**GIVEN INFORMATION**
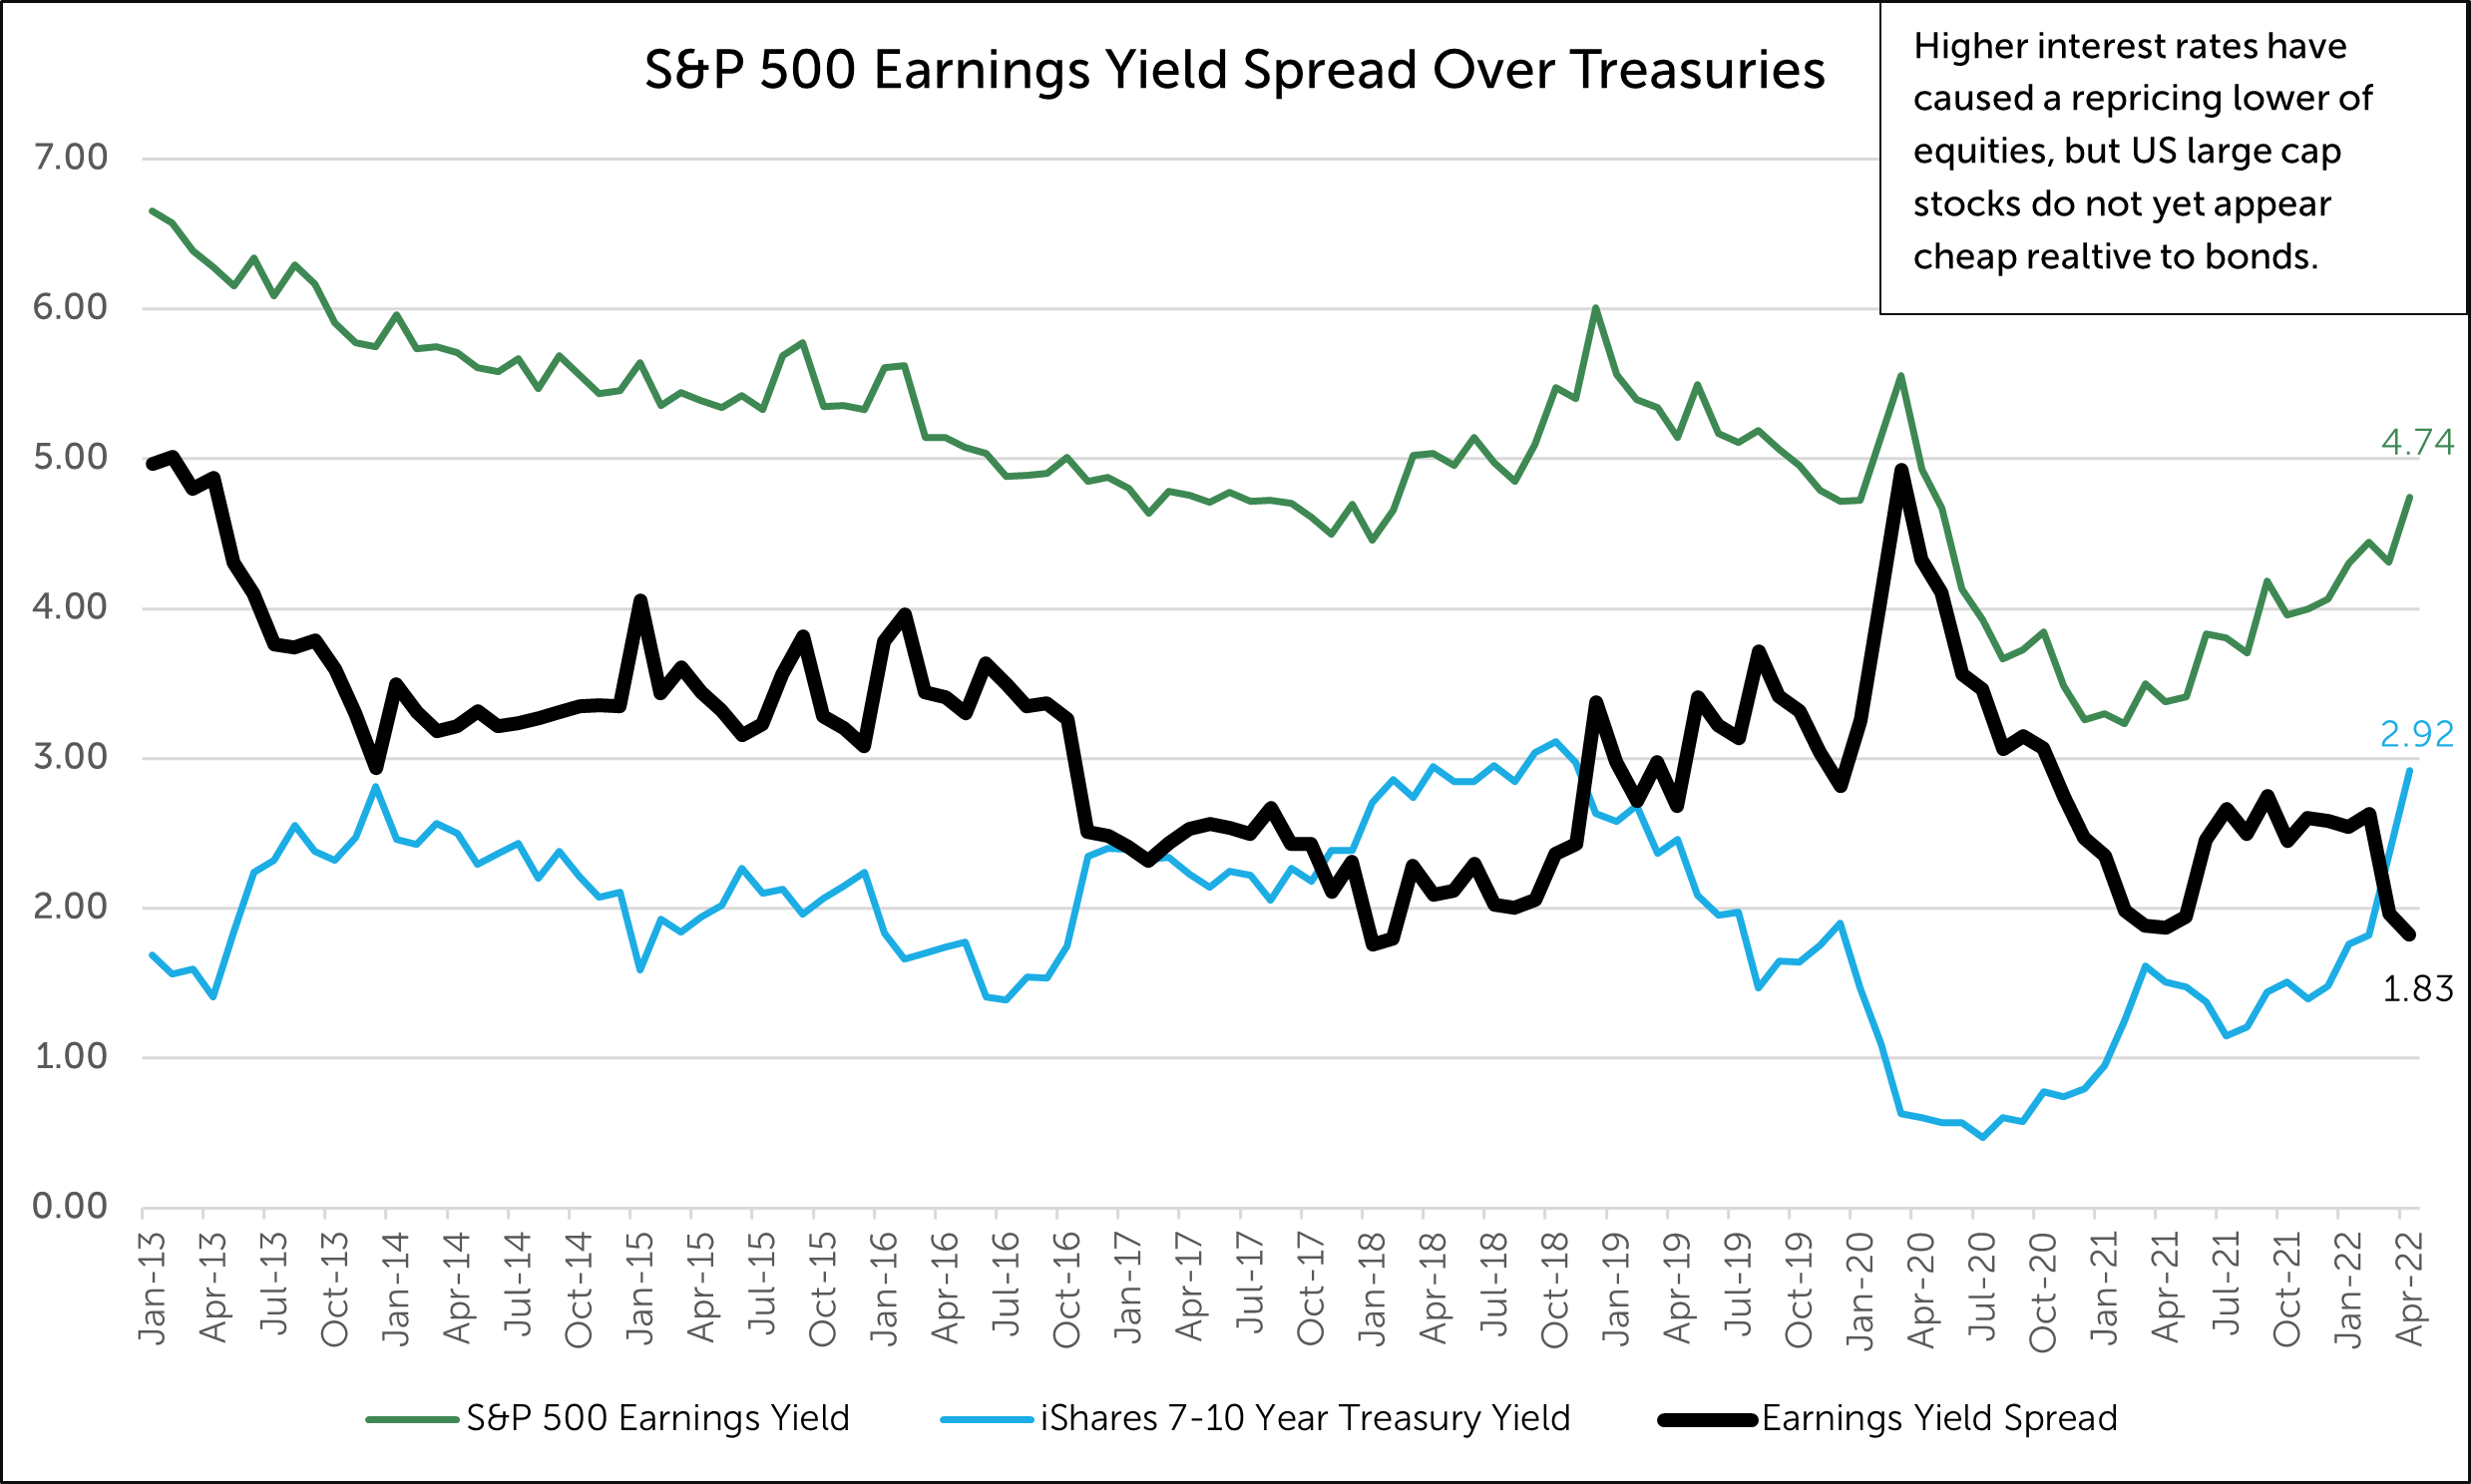 Line graphs depicting S&P 500 Earnings Yield Spread Over Treasuries
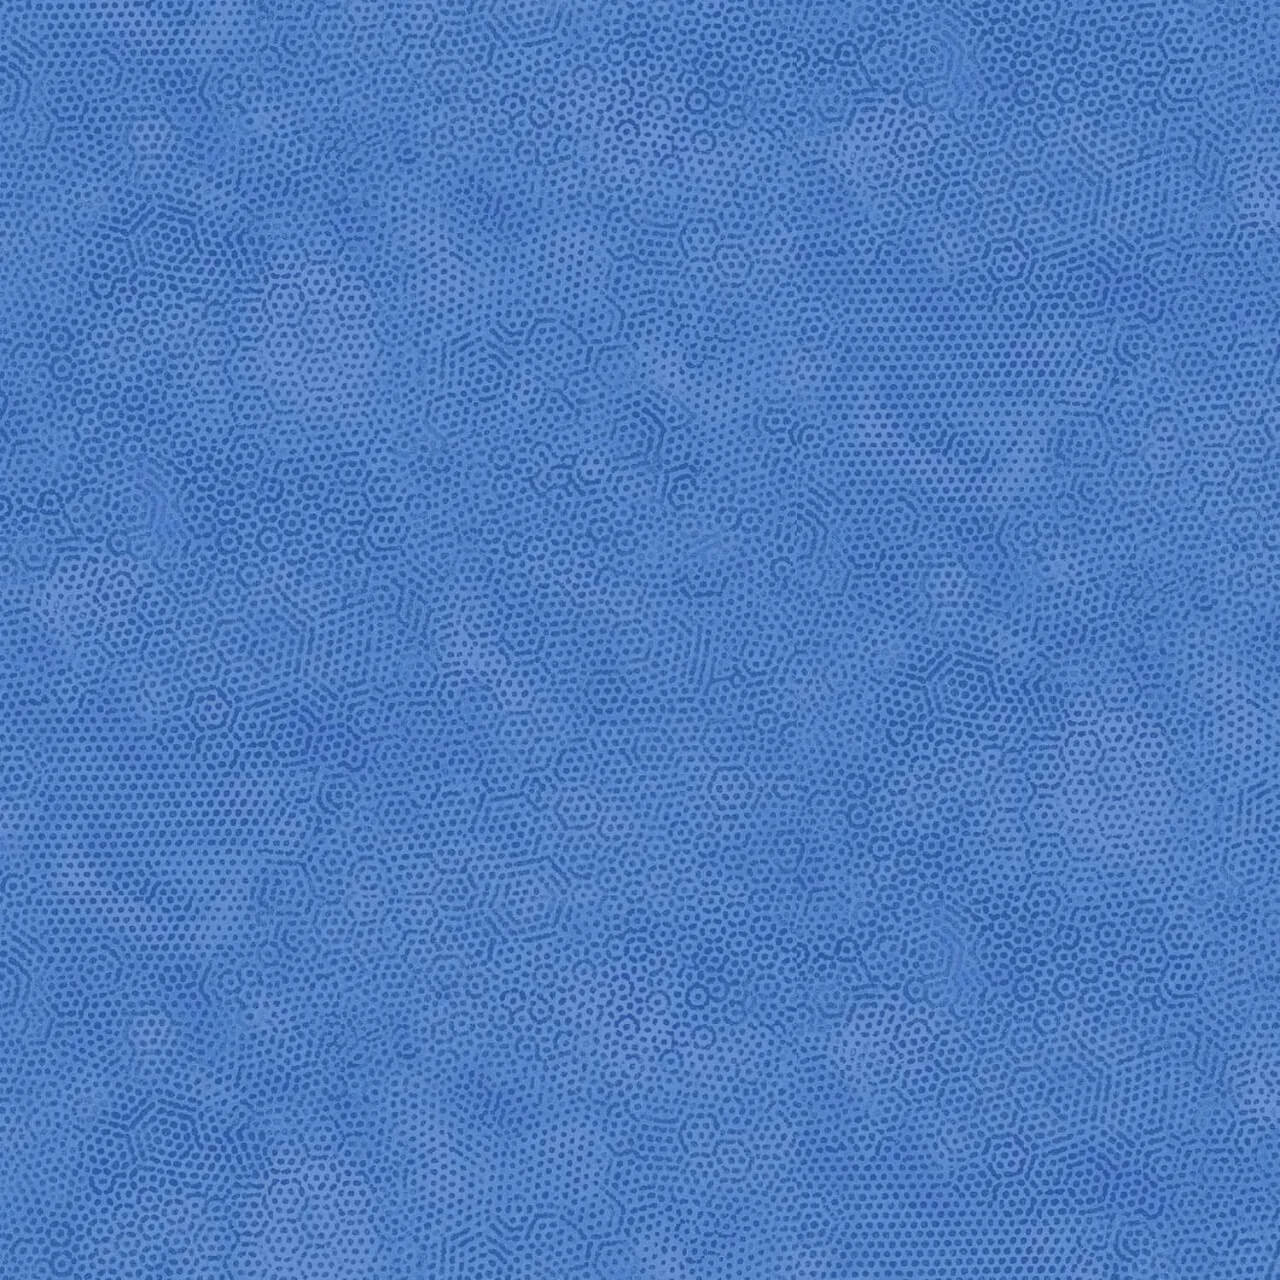 Andover Fabrics' "Dimples Cornflower" fabric, showcasing a beautiful blue tone-on-tone dimple texture.
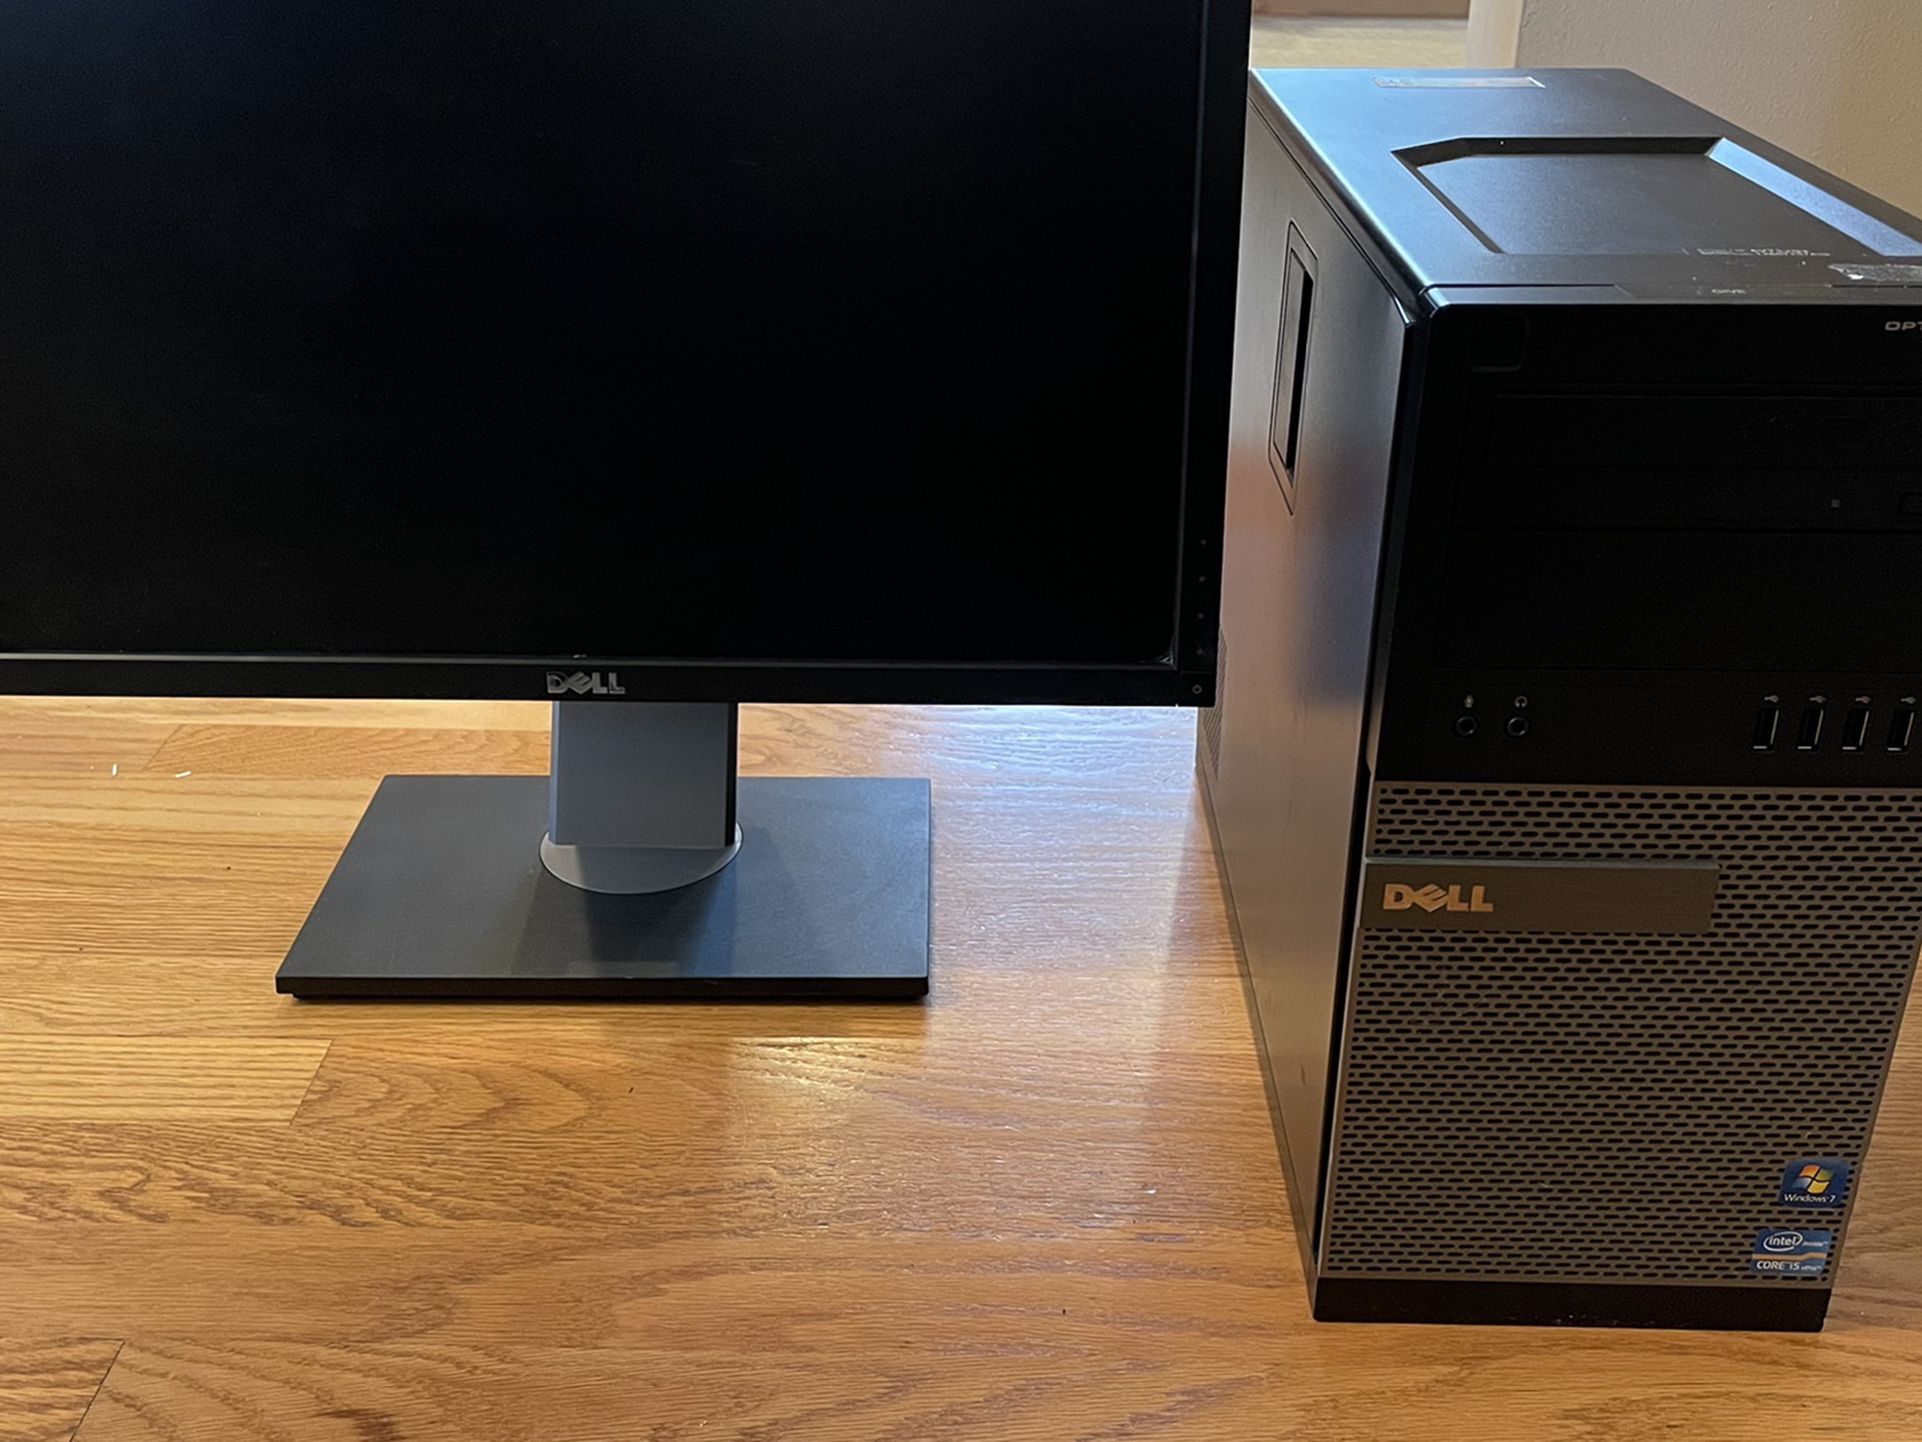 Dell Computer and Monitor

**TASK DIRECTIONS**
Every line above should be transcribed exactly, though no image should be carried over.

**WRITTEN RESPONSE**
 Line graphs depicting S&P 500 Earnings Yield Spread Over Treasuries
 Andover Fabrics' "Dimples Cornflower" fabric, showcasing a beautiful blue tone-on-tone dimple texture.
 Dell Computer and Monitor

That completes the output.